# Raw data

--- START ---

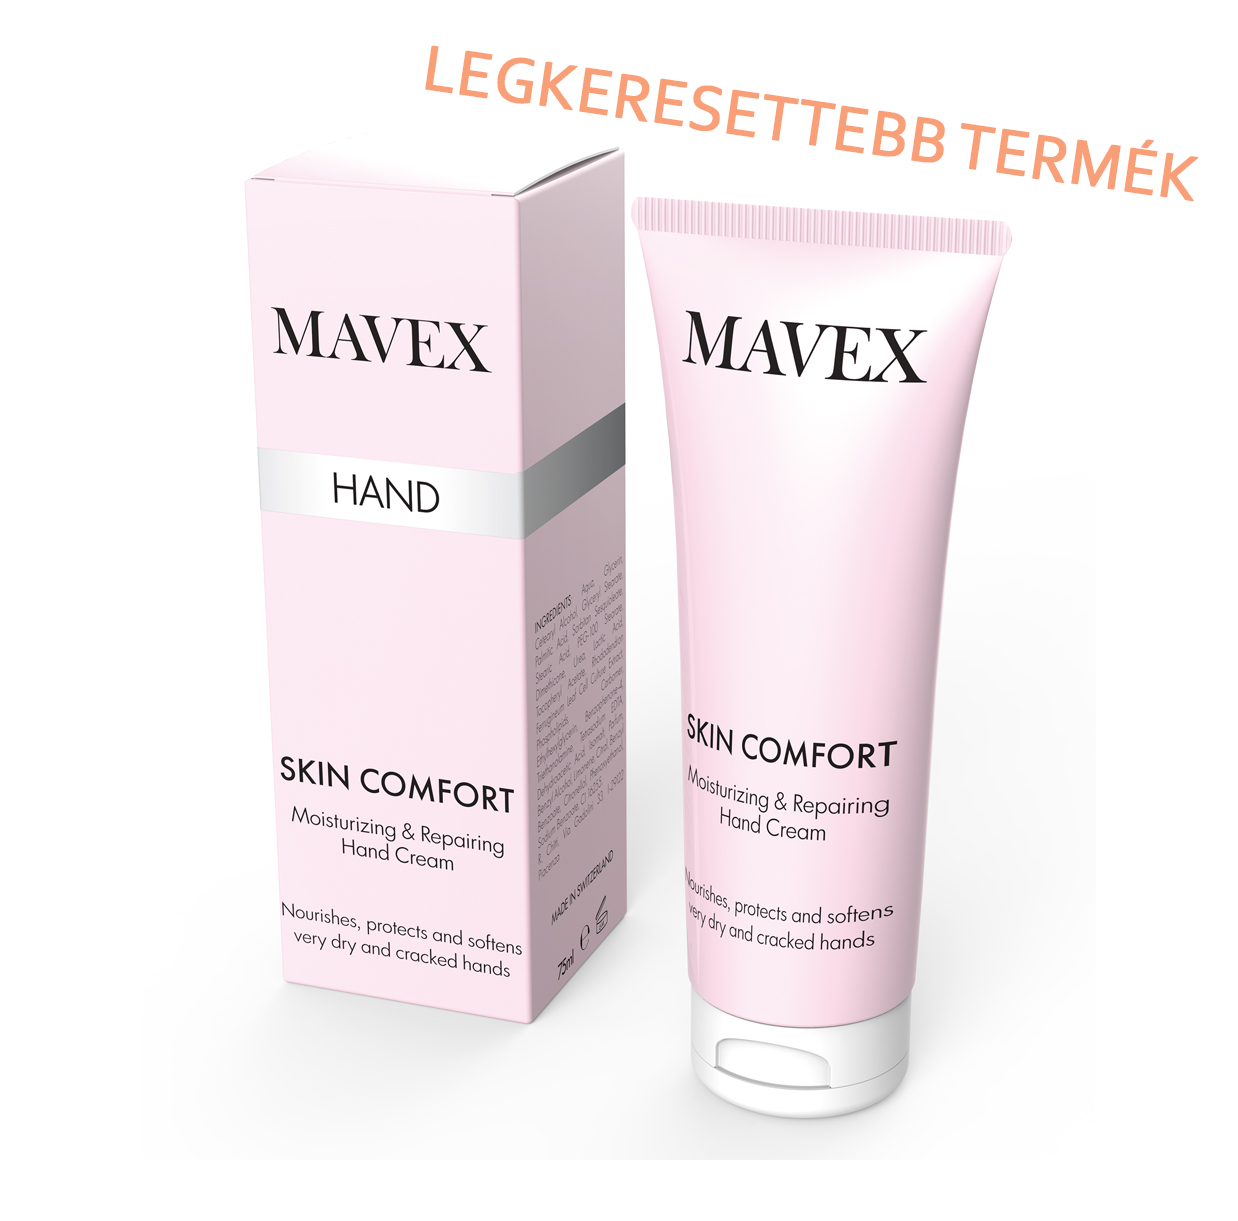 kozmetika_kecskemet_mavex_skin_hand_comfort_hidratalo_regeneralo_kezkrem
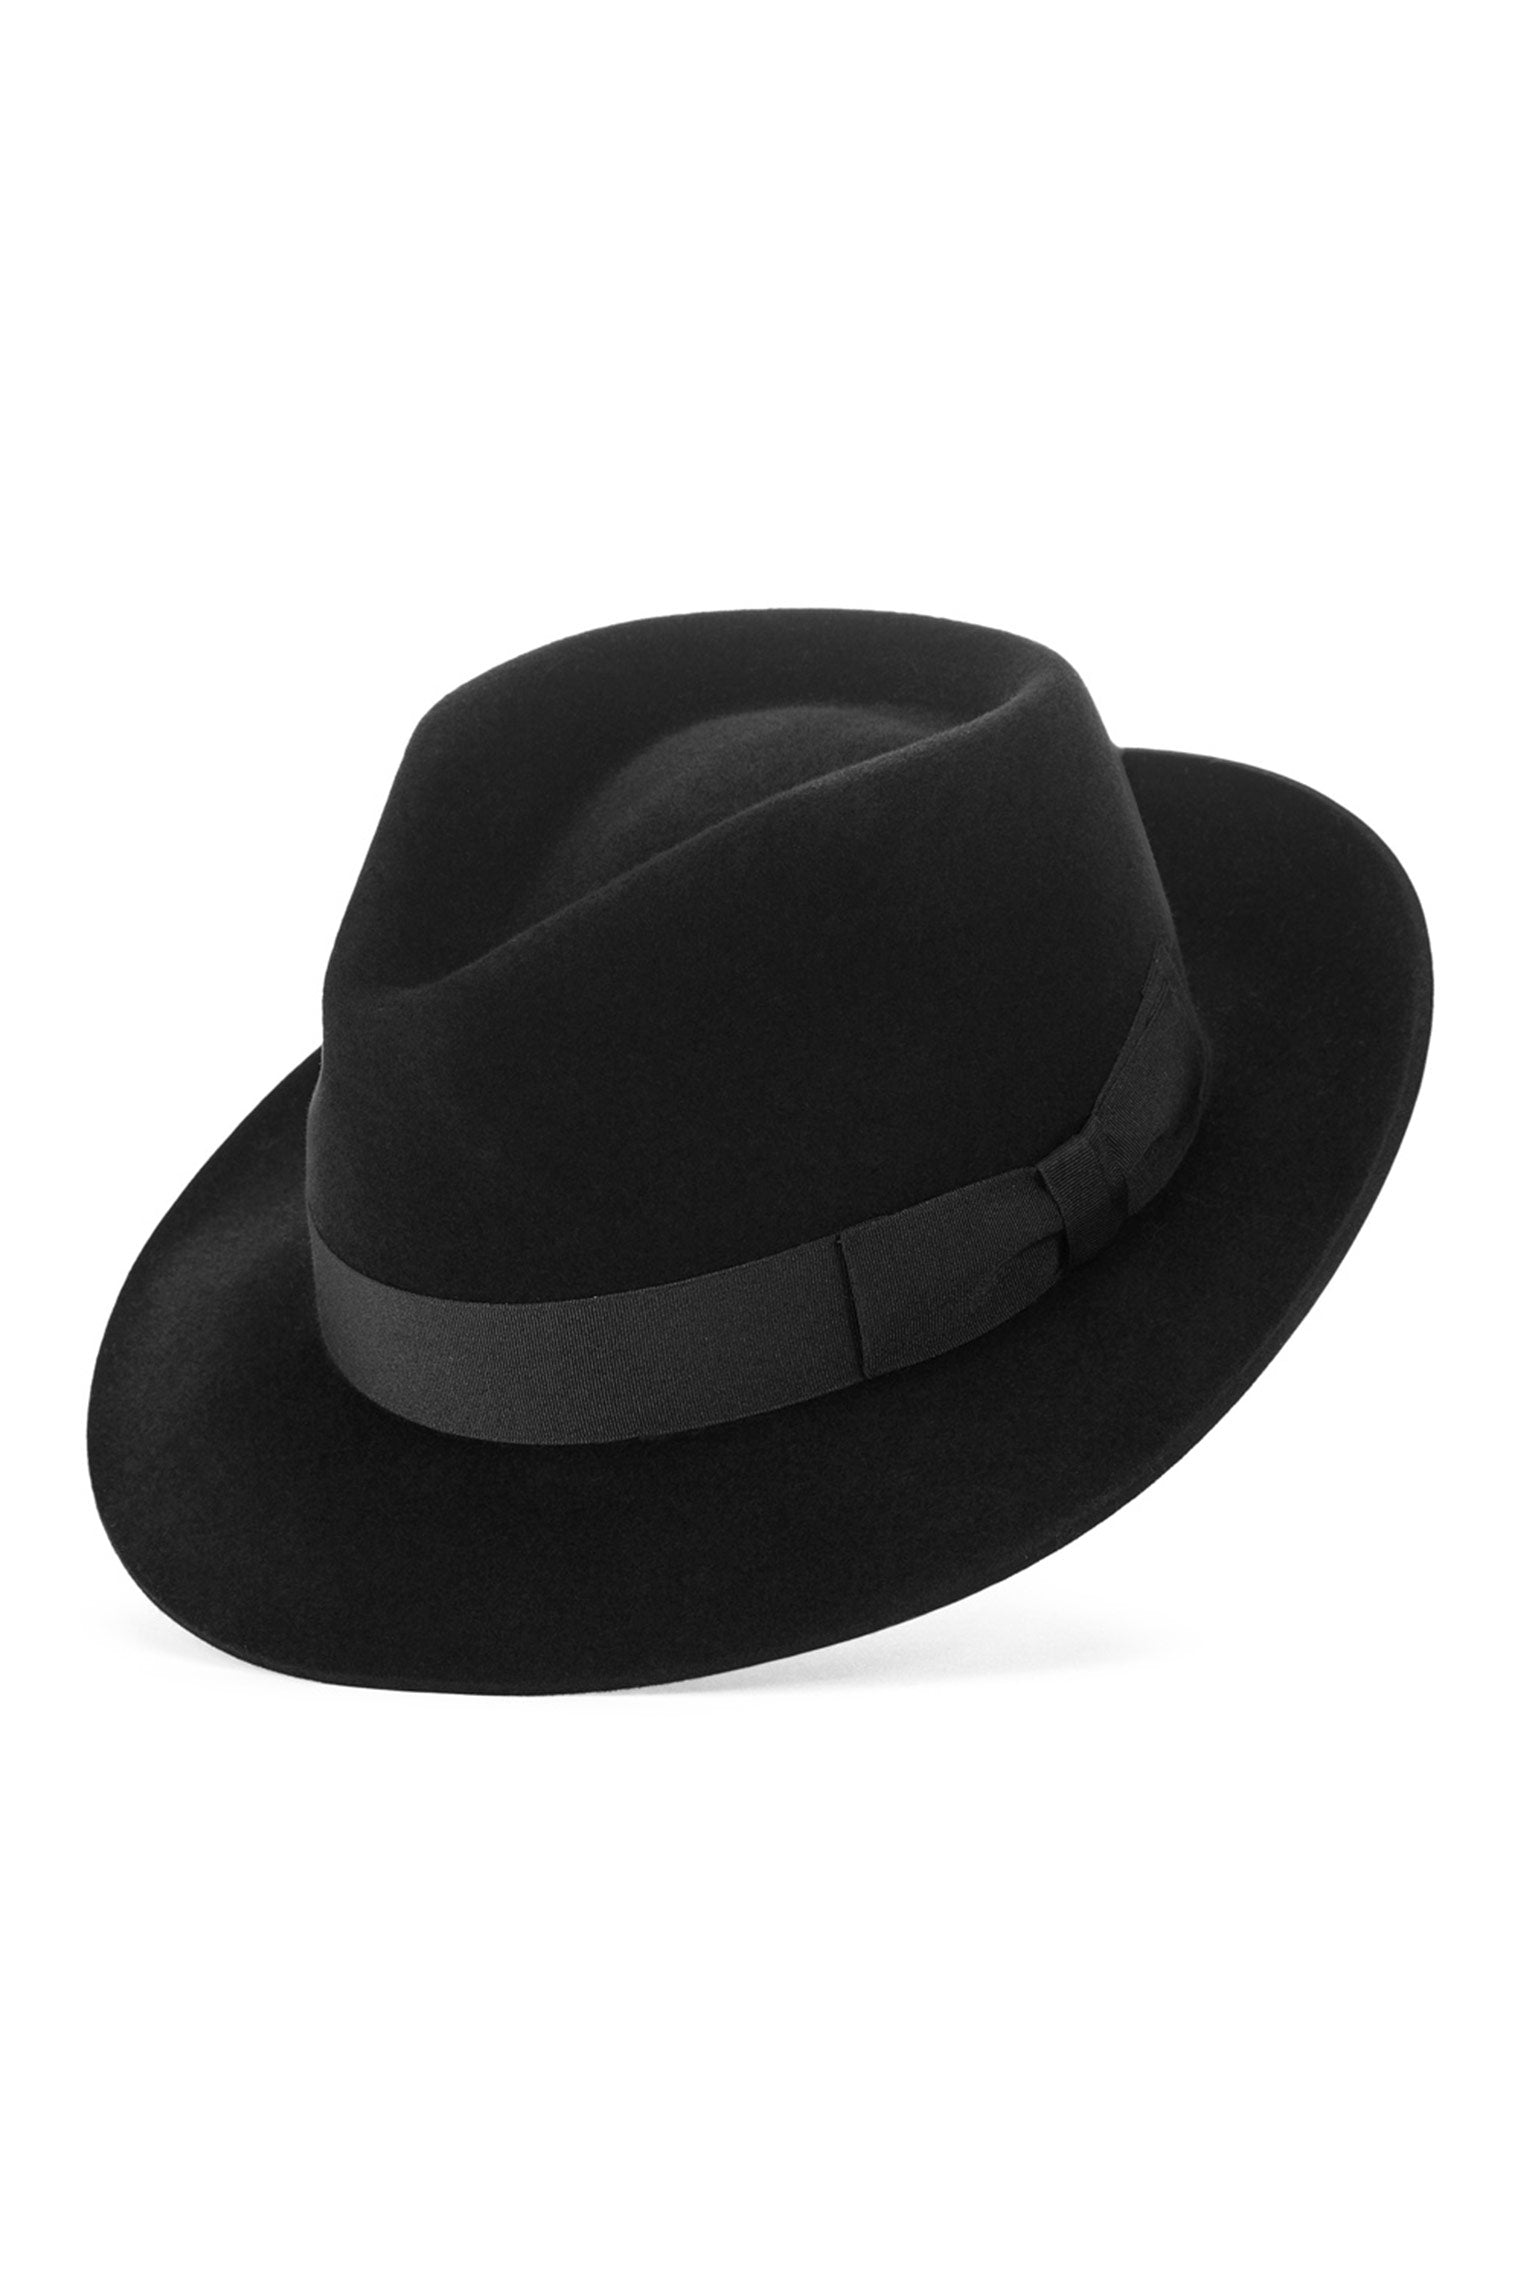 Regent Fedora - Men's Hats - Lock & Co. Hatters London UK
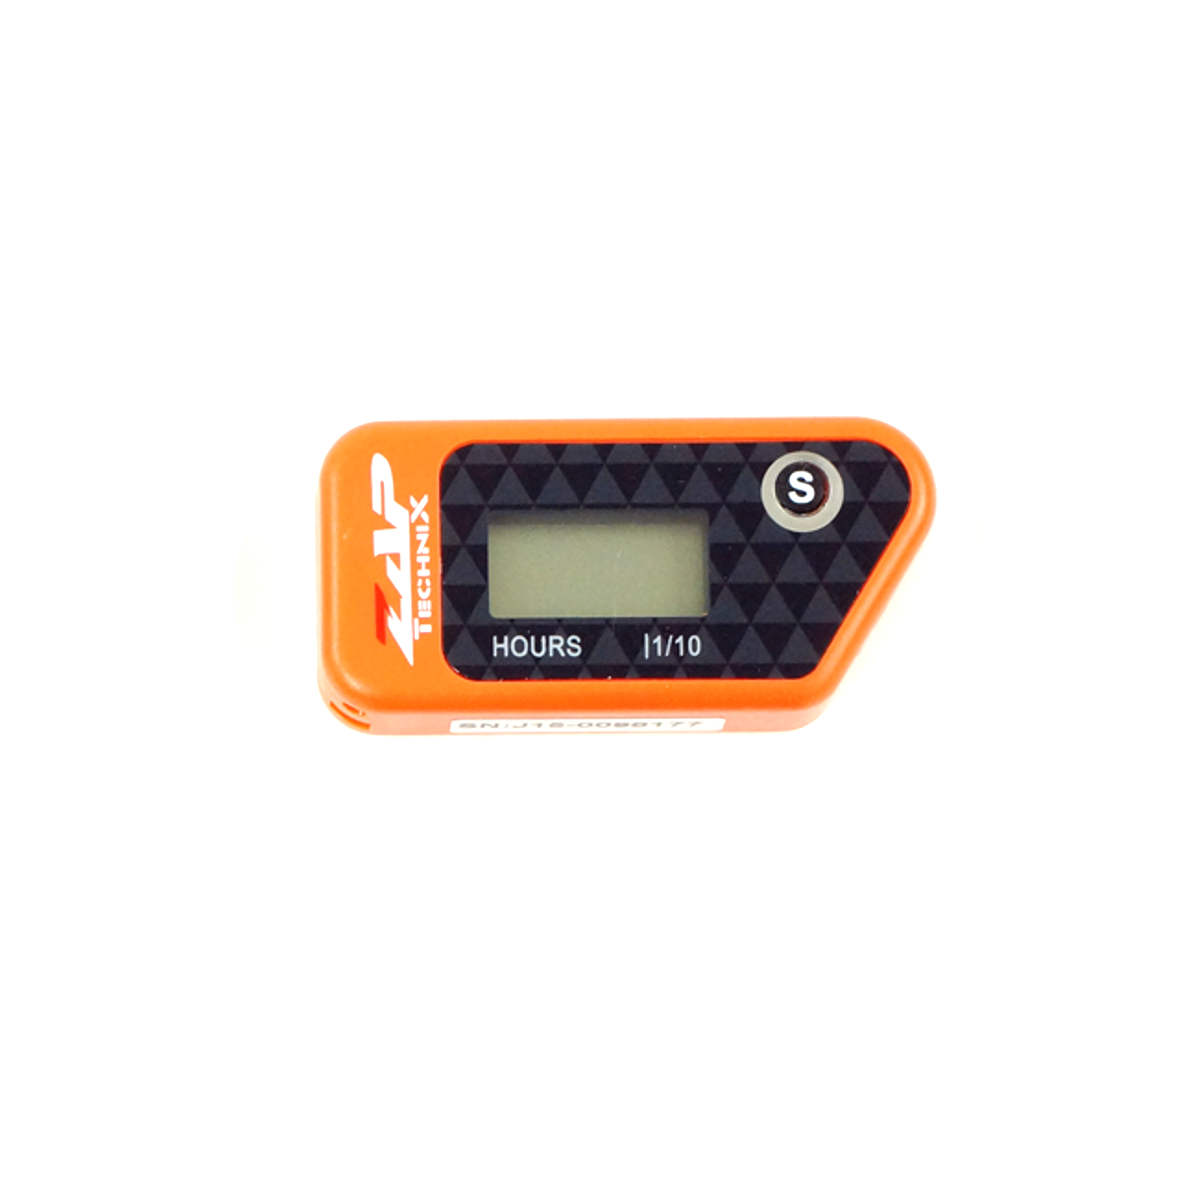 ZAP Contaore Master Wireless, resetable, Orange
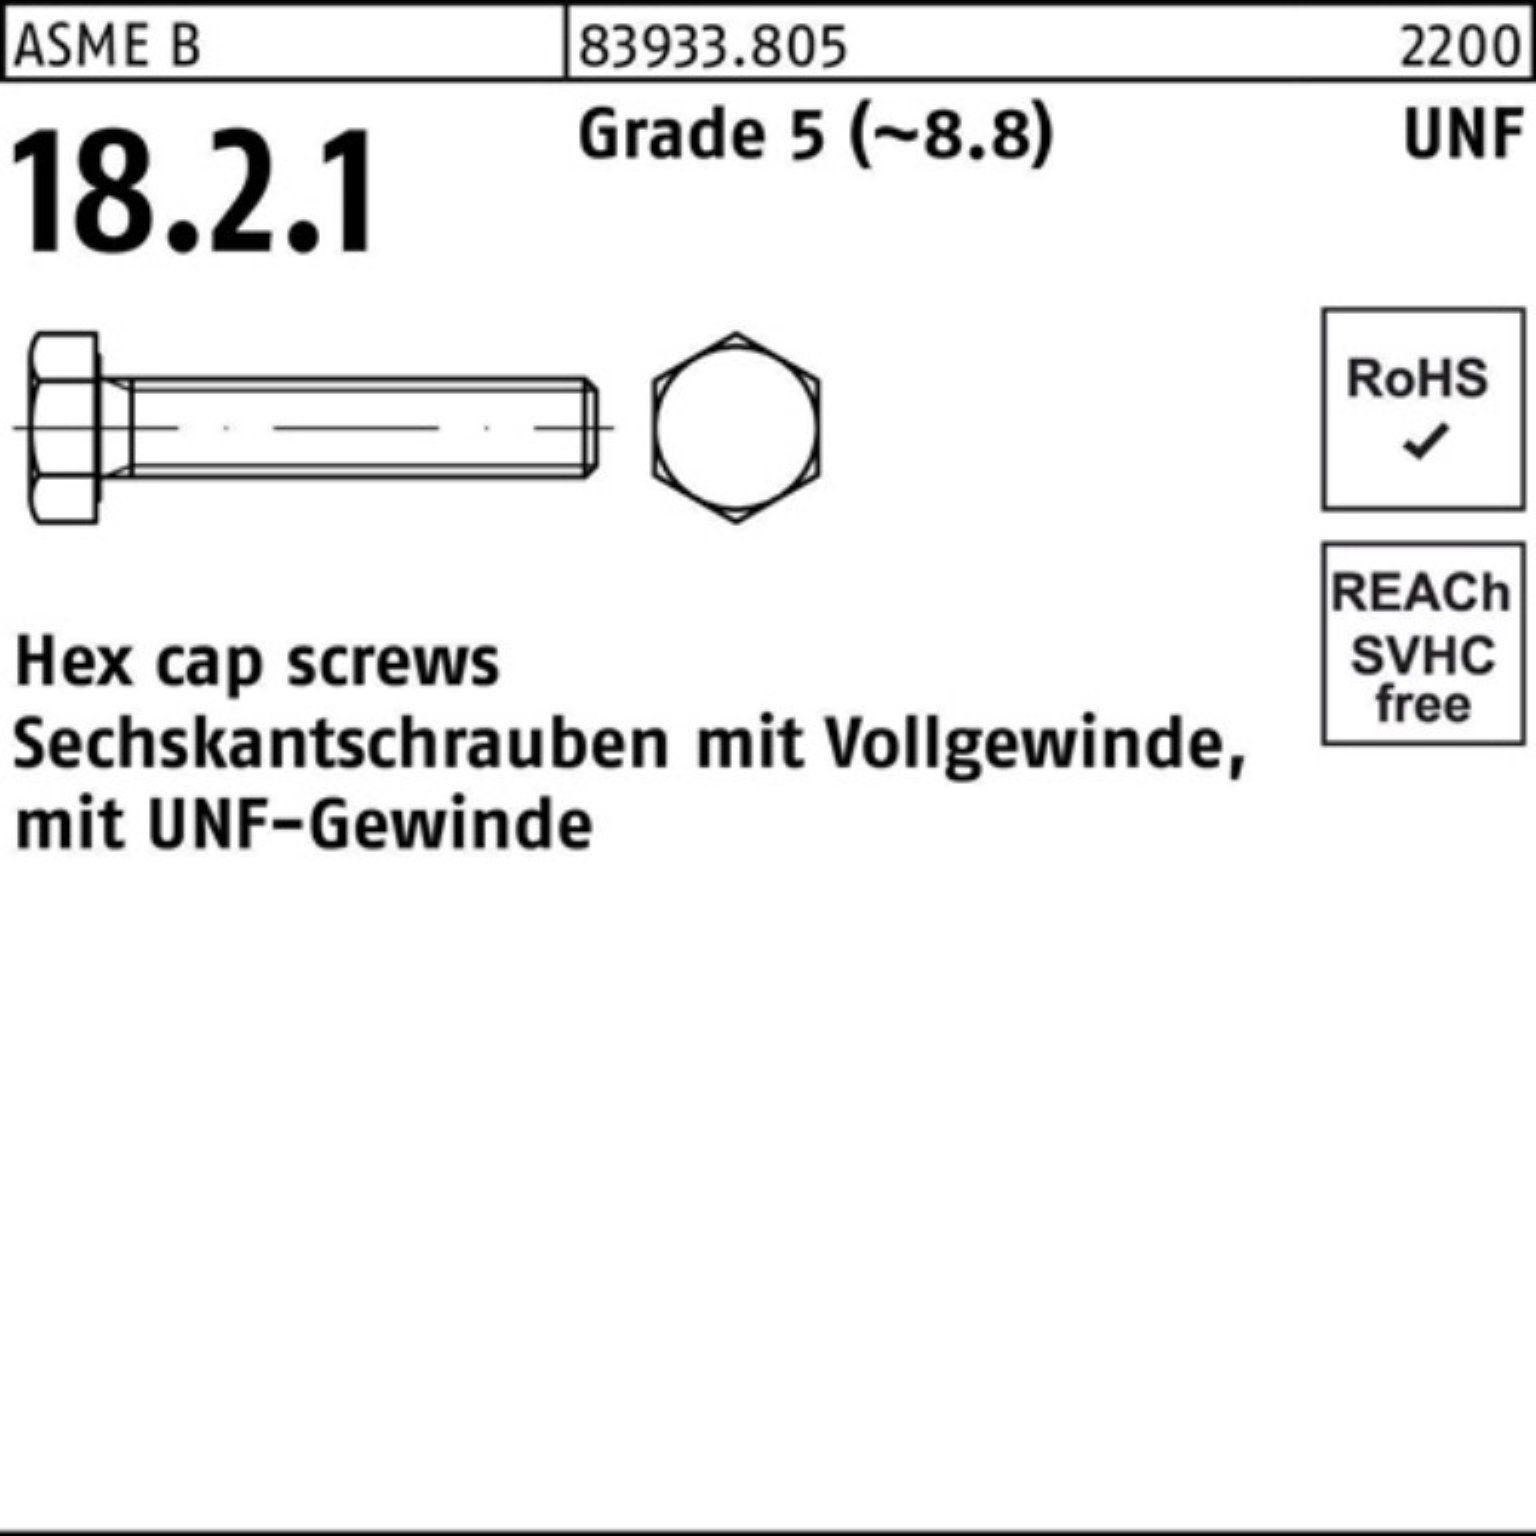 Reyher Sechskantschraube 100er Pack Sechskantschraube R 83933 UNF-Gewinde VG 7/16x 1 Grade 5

--- END ---

# Task brief
Up to and including the last line of the listing, starting at the line with "ZAP Contaore Master", extract every line exactly and leave out the pictures.

# The answer
 ZAP Contaore Master Wireless, resetable, Orange
 Reyher Sechskantschraube 100er Pack Sechskantschraube R 83933 UNF-Gewinde VG 7/16x 1 Grade 5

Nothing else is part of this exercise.